Schemas and Data Modelling in Power BI - Core Concepts:
Source: Dev.to

What is Data Modelling?
Data modelling in Power BI is the practice of organizing tables and defining relationships between them. It involves analyzing different data types and creating connections that enable meaningful analysis.
Benefits of Data Modelling
- Saving time and money – Proper planning reduces unnecessary processing and investment.
- Well‑structured data system – Facilitates easy connection between business data and analysis.
- Reducing errors – Prevents redundant data from entering the system.
- Tracking and setting targets – Provides indicators and timely performance targets aligned with business objectives.
An example of data modelling in Power BI:
Schemas
Schemas are logical frameworks that organize tables, relationships, and data structures.

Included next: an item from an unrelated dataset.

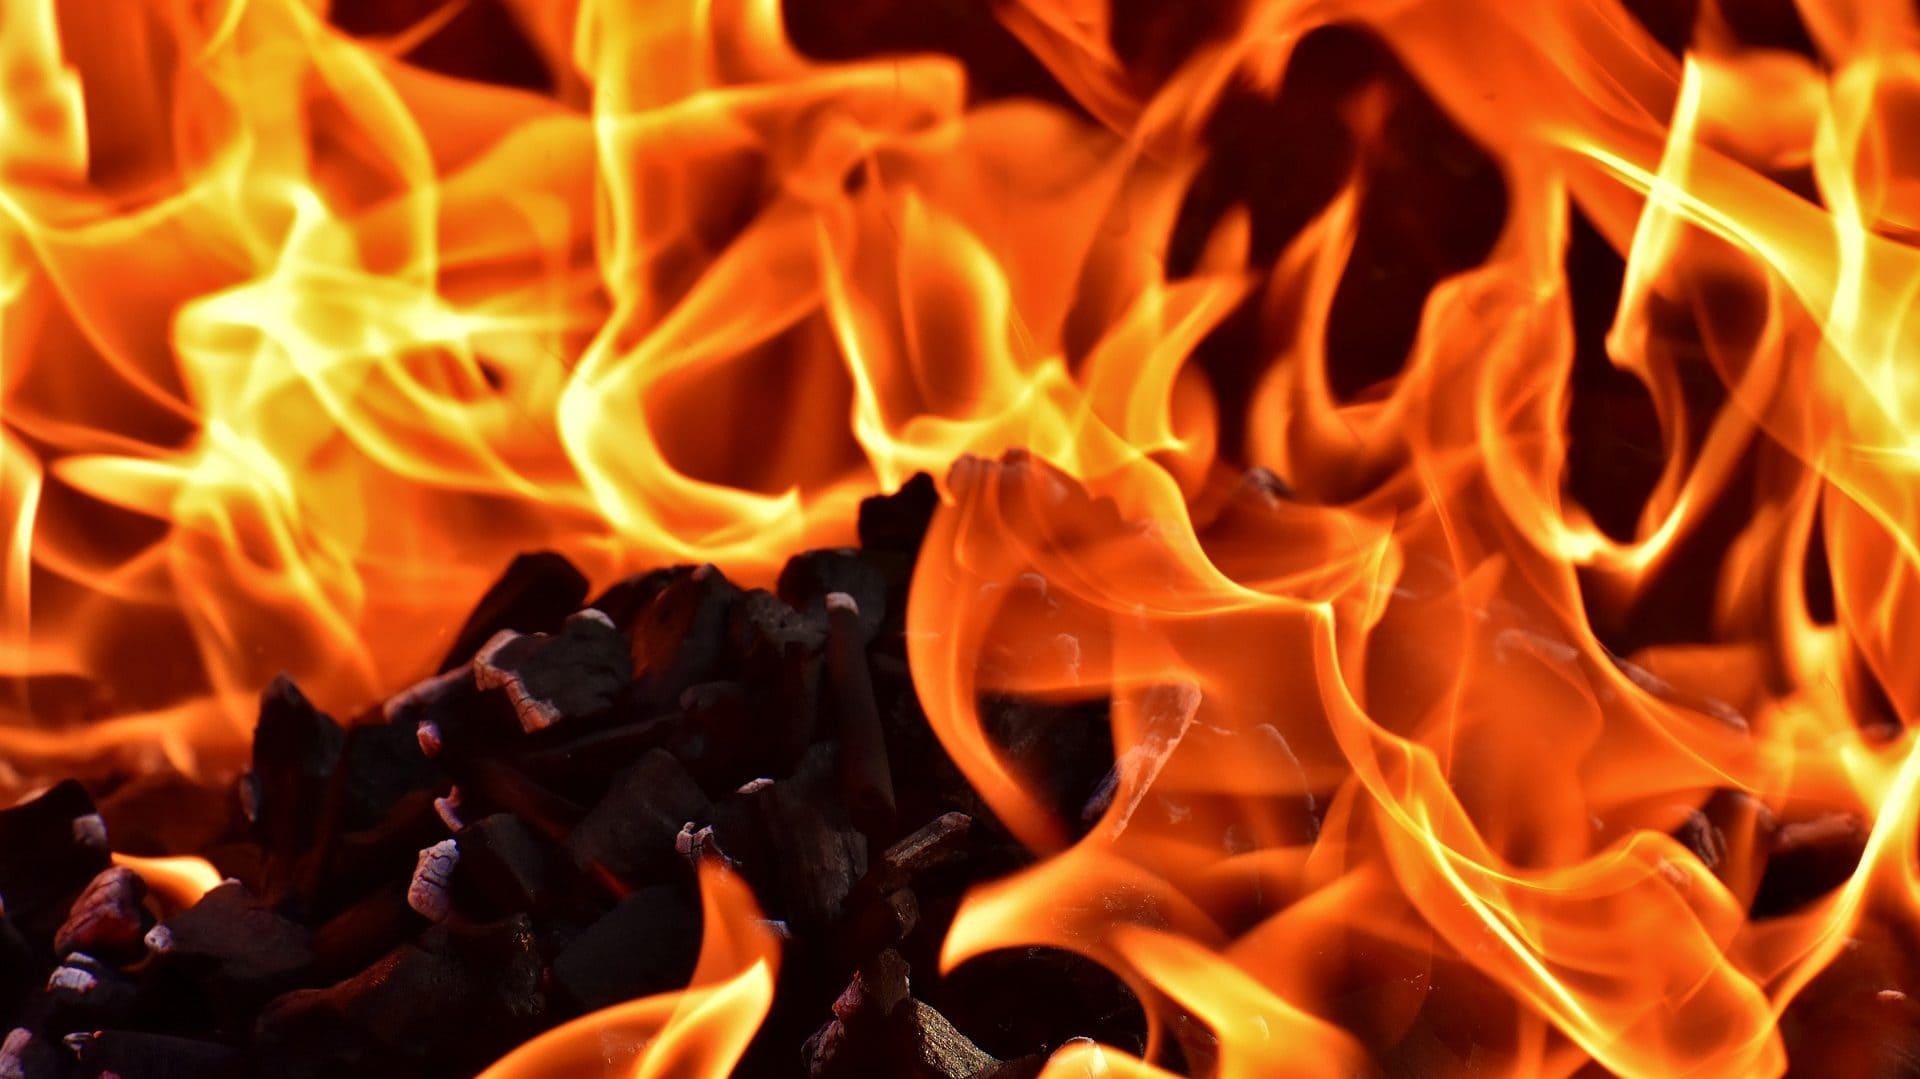 Vlammen close-up

They act as a blueprint for the semantic model.
Star Schema
The star schema is the most commonly used schema in Power BI. It classifies tables as either dimension or fact tables.

Fact Table
A fact table contains:
- Dimension key columns that relate to dimension tables.
- Numeric measure columns.
The dimension keys determine the table’s dimensionality, while the key values set the granularity. Dimension tables usually have fewer rows, whereas fact tables can contain a large and growing number of rows.
Snowflake Schema
The snowflake schema is a variant of the star schema where dimension tables are normalized into multiple related tables.
Key Characteristics
- Hierarchical structure centered around a fact table.
- Multiple levels of dimension tables for more granular analysis.
- Joins: Typically requires more complex SQL queries involving multiple table joins.

Comparison: Star vs. Snowflake

Among the two, the star schema is more widely used because it is easier to understand, well‑defined, and enables faster querying and smoother report interaction.